When watched in this order, fans are able to see the full arc of Anakin Skywalker’s story—his rise, fall and subsequent redemption. There’s real merit to this, as watching the prequels completely changes the way in which one understands the original trilogy. Seeing the epic space opera in this way truly makes it feel like the characters grow and change on their journey.

However, there are a couple of drawbacks to watching chronologically. The first is that going from a film made in 2005 (Episode III) to a film made in 1977 (Episode IV) can be rather jarring, as the visual and special effects are noticeably worse. This is again apparent when jumping from Episode VI to Episode VII. Additionally, watching the films in this order all but ensures that the mysteries and plot twists of the original trilogy are spoiled before you get to them. However, if you’re looking for a distinct beginning, middle and end to the Star Wars story, chronological is probably your best bet.

So Which Order Should I Pick?

The real answer here is that it depends! Both structures have their merits, and while the two viewing orders both have staunch defenders on the internet, there isn’t a one-size-fits-all answer. If you’ve seen the films one way, perhaps try watching them the other the next time you view. If you’ve never seen the films before though, or if you’re watching them with a friend completely new to the Star Wars universe, perhaps consider release order—if for no other reason than to see the look on their face when it’s revealed who Darth Vader really is! Either way though, now that you know the pros and cons of both methods, you can decide with your friends which viewing order you want to try first. In the end, it’s up to you!

Which Star Wars Movies Is The Best?

As is the case with any major franchise, there are lots of debates within the Star Wars community as to which of the 11 films are the best. Ask any Star Wars fan, and they’re sure to have a ranking different from the person beside them.

Generally though, the original trilogy (Episodes IV, V & VI) are considered the best films in the Star Wars canon. These movies are all a piece of film history in their own right now, and many Star Wars fans consider the original trilogy to be untouchable in quality.

The same cannot be said for the prequel trilogy however. Even though filmmaking technology had improved quite a bit between 1983 and 1999, many fans walked away from Episodes I, III, & III disappointed. The prequels have since regained a bit of a cult following on the internet, but the general consensus among critics and fans alike is that the prequel trilogy does not quite match the heights of the original films.

Reception of the five Disney-released Star Wars films has been mixed.
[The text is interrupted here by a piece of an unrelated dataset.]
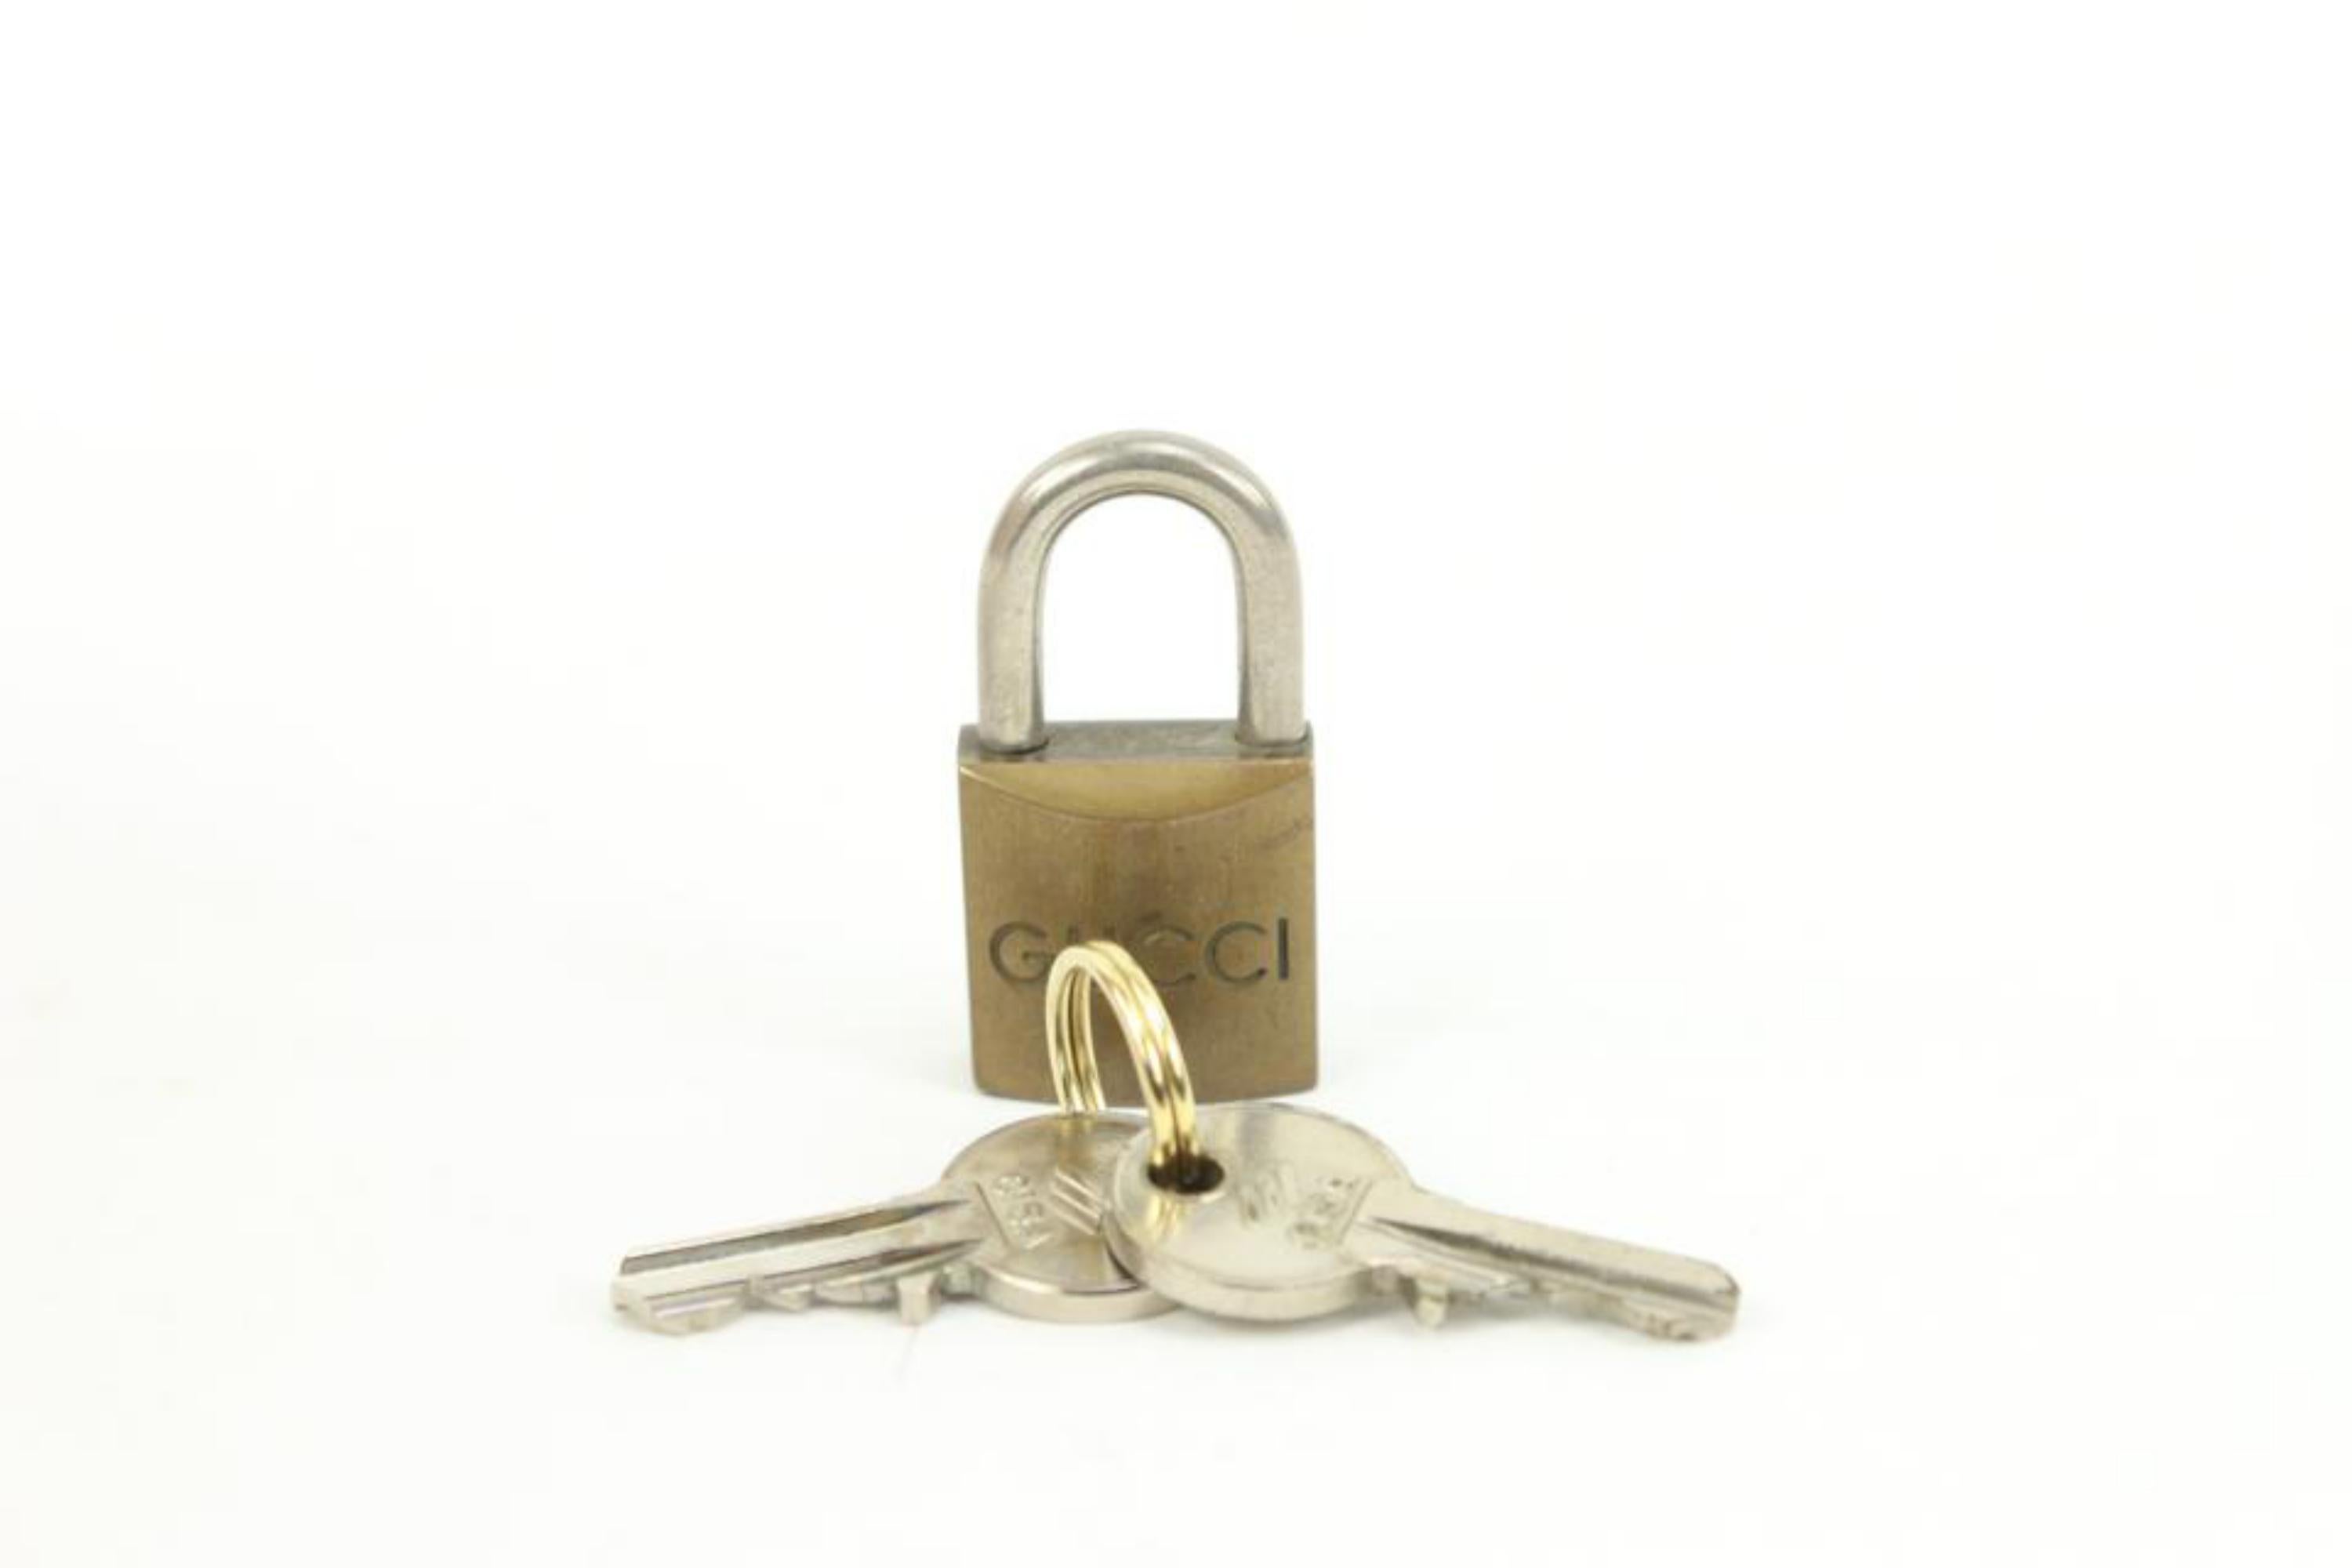 Gucci Vintage Brass Lock and Key Set Cadena Padlock Bag Charm 17g34s 4

Many fans are happy to have Star Wars back at all, and the stories that these new movies tell are indeed exciting, sleek and fresh. But some find Episodes VII, VII & IX to be too derivative or lacking the heart of the originals and prequels. Others criticize them for being too “Disney-fied” complaining that the steady stream of releases is oversaturating the Star Wars market.

Just like with the viewing order though, which Star Wars movie is best is completely up to you. Each of three trilogies have their own distinctive style and feel, and it’s highly likely that one of those styles will appeal to you more than the others. As you watch the Star Wars movies, consider keeping track of which ones you like and which ones you don’t. Perhaps even start a ranked list, and compare with your friends as you watch over Stream Party!